ICCEMS is proud to present the first in a new online workshop series, Tacit Knowledge for HDRs and ECRs. This session is titled “More of a Comment than a Question: Q&As and How to Handle Them,” and will be hosted by Associate Professor Kathryn Murphy and Professor Joe Moshenska on behalf of the Centre for Early Modern Studies at Oxford.
More of a Comment than a Question: Q&As and How to Handle Them
Giving a paper at a seminar or conference can be a nerve-wracking experience – but at least the text is under your control. The question period afterwards presents a different set of challenges: responding to difficult or combative questions, or those that seem to miss the point; if you’re in the audience, formulating a pertinent and productive question; if you’re chairing the session, managing the speakers and audience, and handling things when discussion goes off-piste. This session will ask questions about questions: how to ask them; how to answer them; how to make them work well for you.

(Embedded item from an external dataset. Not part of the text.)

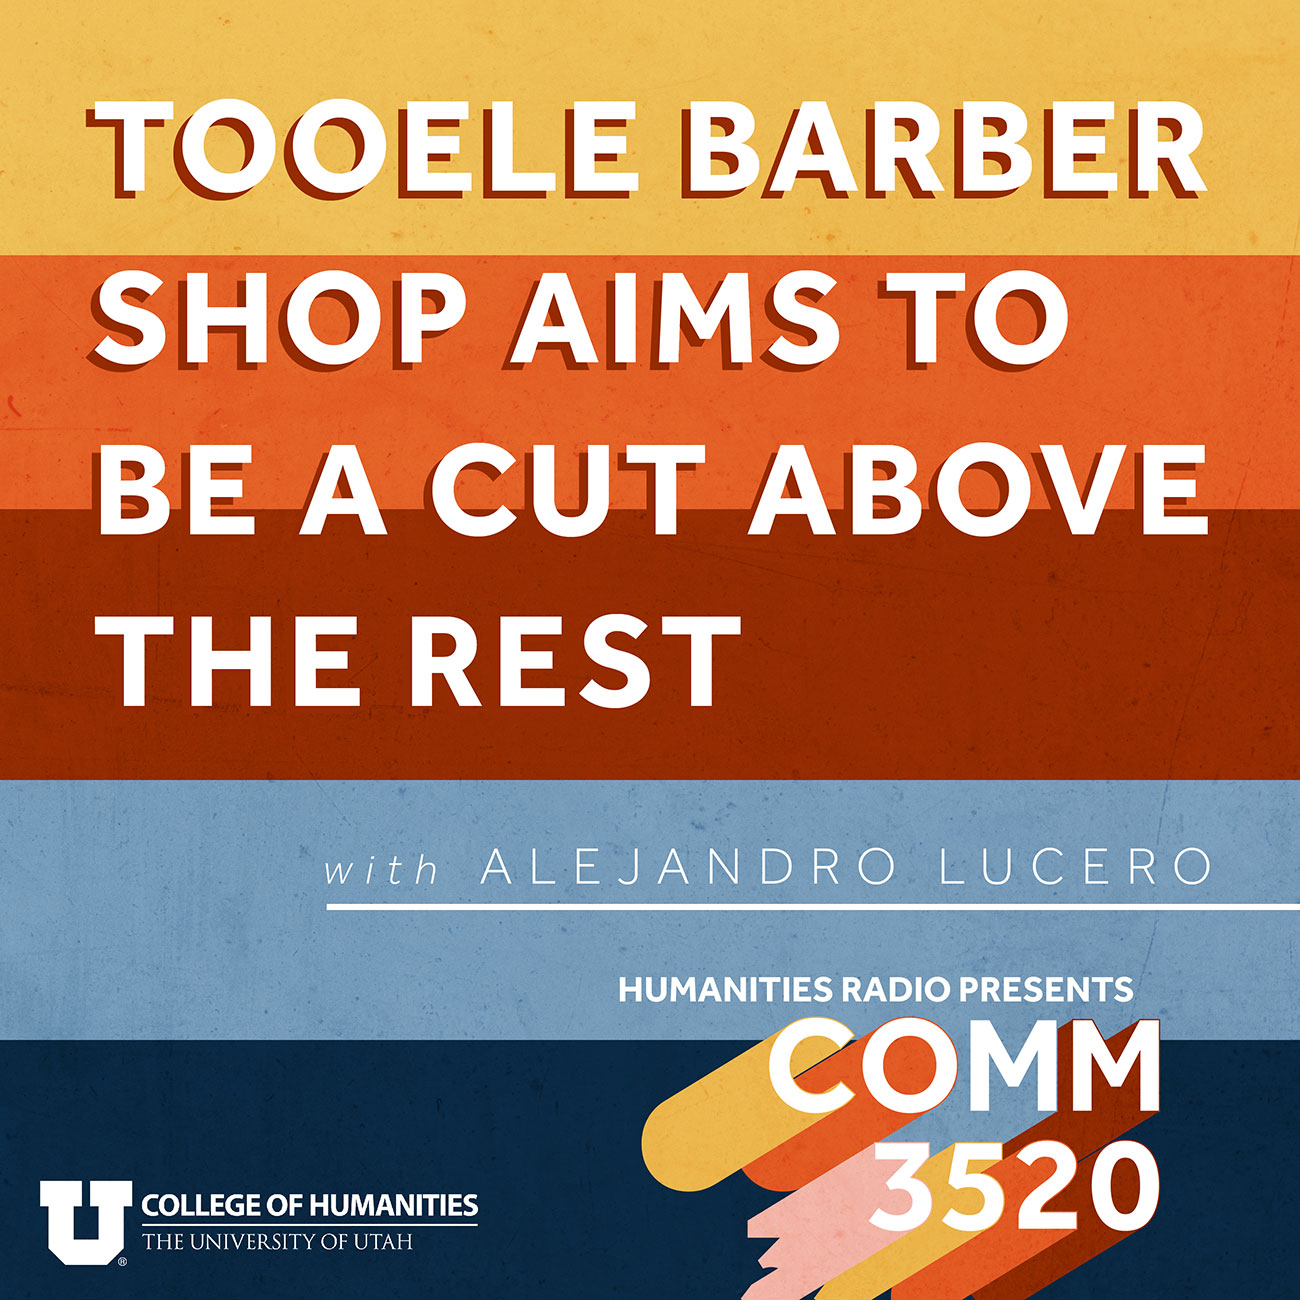 Tooele Barber Shop Aims to be a Cut Above The Rest

When: 23rd of April, 2025, 9.30-10.30 am BST (10.30-11.30 am CEST; 6.30-7.30 pm AEST; click here for other timezones)
Where: online. Register here to receive the meeting link.
About the hosts
Kathryn Murphy is Fellow in English Literature at Oriel College, and Associate Professor in the Faculty of English, University of Oxford. Her academic work focuses on seventeenth-century poetry, prose, and philosophy, and on the literary essay of all periods. She also writes essays in less formal venues on topics including still-life painting, sculpture, and Czech literature. A co-edited volume, On Essays: From Montaigne to the Present, with Thomas Karshan, was published in 2020. Her book Robert Burton: A Vital Melancholy is forthcoming in 2025, and she is currently writing a book about the style of early modern English philosophy, entitled The Tottering Universal: Metaphysical Prose in the Seventeenth Century.
Joe Moshenska is Professor of English Literature at the University of Oxford and Beaverbrook and Bouverie tutorial fellow of University College. His work focuses on the literature and culture of the sixteenth and seventeenth centuries, with a particular focus on the work of Edmund Spenser and John Milton. He is the author of four books, most recently Making Darkness Light: The Lives and Times of John Milton (Basic Books, 2021), an experimental biography aimed at a general readership. He is currently working on overlaps between creative and critical forms of writing, on connections between literature and anthropology, and on the literary afterlives of the philosopher Benedict Spinoza, as well as co-editing The Merchant of Venice, with David Hillman, for Cambridge Shakespeare Editions.
The ICCEMS Tacit Knowledge of HDRs and ECRs workshop series is part of the ICCEMS Higher Degree Research/Early Career Research Program, which draws on the collective strength and scale of ICCEMS’ member organisations to benefit our HDR and ECR members, taking advantage of the cross-institutional and transnational aspects of ICCEMS to offer training, networking and mentorship opportunities.